Hatay’a emeği çok büyük. İskenderun’da birçok sportif yatırımda katkısı vardı. Öğrendim ki, Hatay İl Gençlik ve Spor Müdürü Ali Rıza Tütüncüoğlu’nun yerine Mersin Gençlik ve Spor Müdürü Emrullah Taşkın getiriliyor.. Peki 2004’ten bu yana Hatay’da önemli işler çıkaran Tütüncüoğlu’na ne olacak?
Yanılmıyorsam, ‘Akdeniz Bölge Olimpiyatları Sorumluluğu’ görevi kendilerine intikal ettirilmiş durumda..
Ama Tütüncüoğlu hareketli bir bürokrat..
Hemen hergün bir ilçede görüyoruz.
Omuzlarında makamın sorumluluğunu fazlasıyla taşıyor, hakkını da verdiğini düşünüyorum.. Netice şudur:
‘Tütüncüoğlu pasifize mi ediliyor?..’ şeklinde bir algı var..
Bence değil.. Olimpiyatlar ‘ödüllendirilmiş’ bir makamdır..
Öyle ya da böyle.
Ali Rıza Bey’in teklife pek sıcak bakmadığını biliyorum.
Bu demek oluyor ki üzgün..
Bu konuda gözden kaçırılmaması gereken yalın bir gerçek daha var..
Dile kolay.. 8 yıllık görev süresi bir yerde sona erecekti zaten..
‘Böyle mi olmalıydı?’, bilemiyorum..
Tepkileri görmek gerek!
MAZERET YOK!
Kütahya Vali Yardımcısı, İskenderun eski Kaymakamı Cengiz Horozoğlu’nu bizim şehirde ne zaman görsem acayip mutlu oluyorum..

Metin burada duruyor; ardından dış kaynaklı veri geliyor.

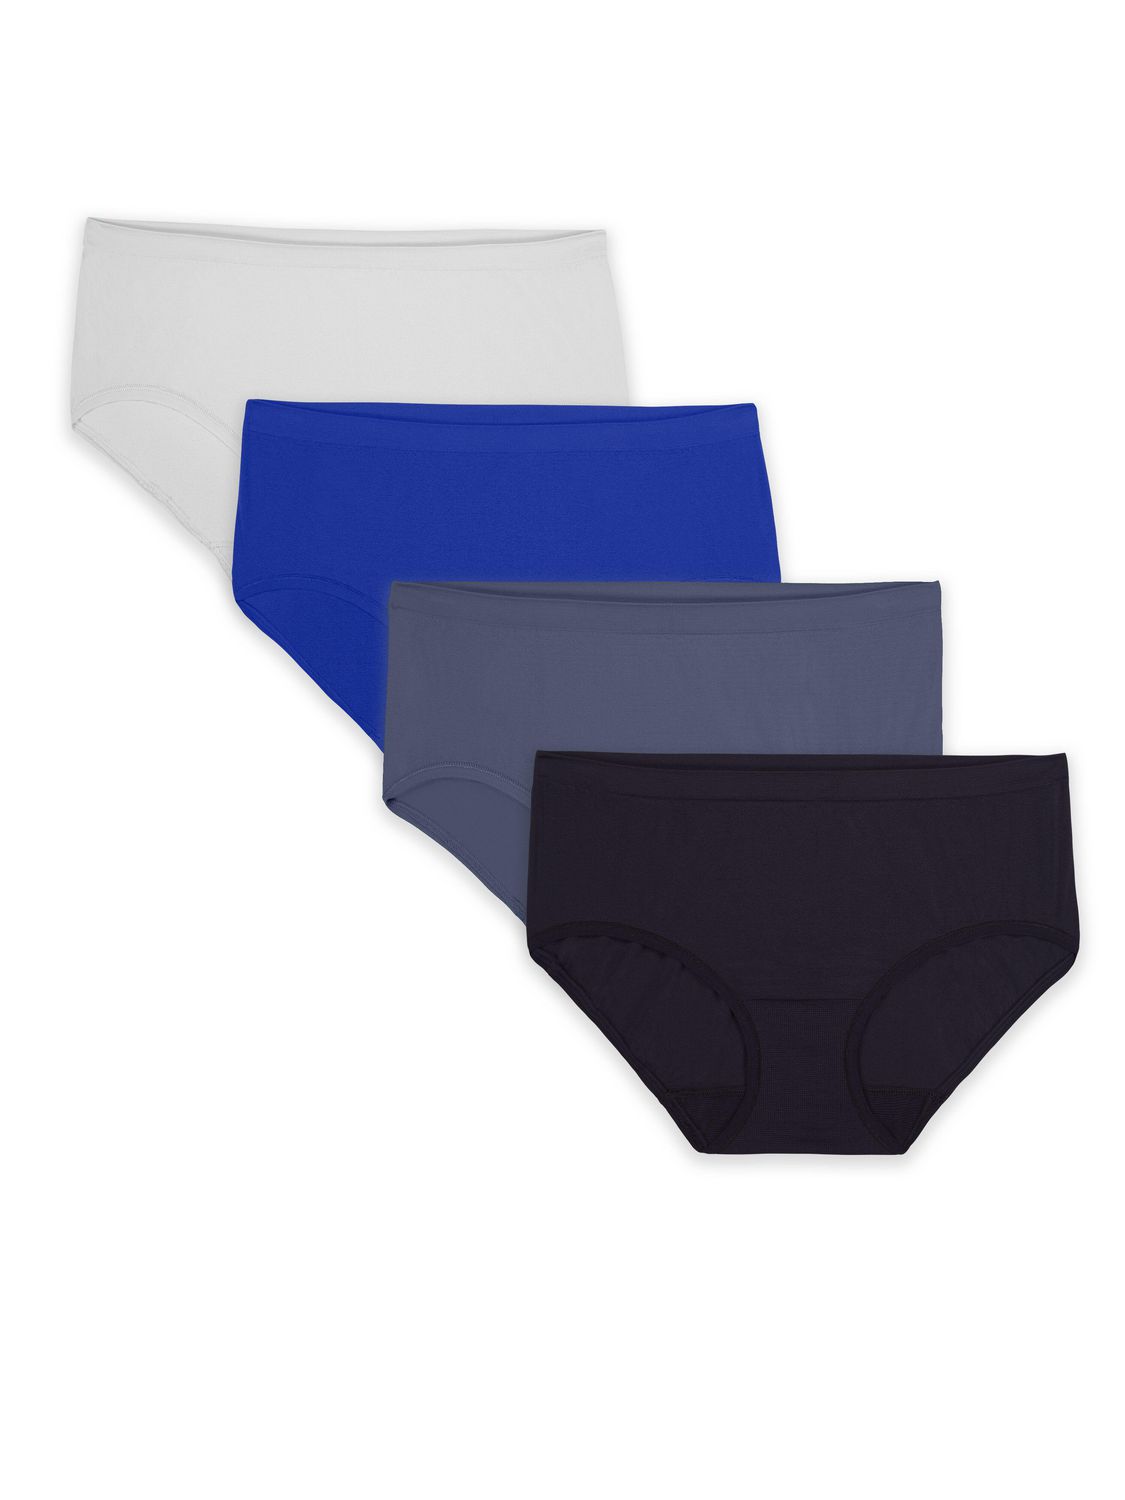 Bikini Ultra Pee Panties 1 pc, Incontinence Underwear

Basbayağı keyifleniyorum..
İskenderun’u çok seviyor..
Her türlü imkana sahip İskenderun’a ‘sorunları çözülebilir’ gözüyle bakıyor..
O bakımdan yöneticilerimiz için ‘masumane’ bir tabirle ‘mazeretleri olmaması gerekiyor’ diyebiliyor.
Şöyle biraz geriye gidelim,,
Yat limanı yapıldı mı? Hayır..
Sahilin baş ucunda balık ekmek yiyebiliyor muyuz? Hayır!
Plajımız var mı? Hayır!
Adacıklarımız var mı? Hayır!
Balık lokantamız var mı? Hayır!
Sahilde bir yüzme havuzumuz var mı? Hayır!
Raylı trenimiz var mı? Hayır!
Neyimiz var? Mazeretimiz..
Hem de bolca!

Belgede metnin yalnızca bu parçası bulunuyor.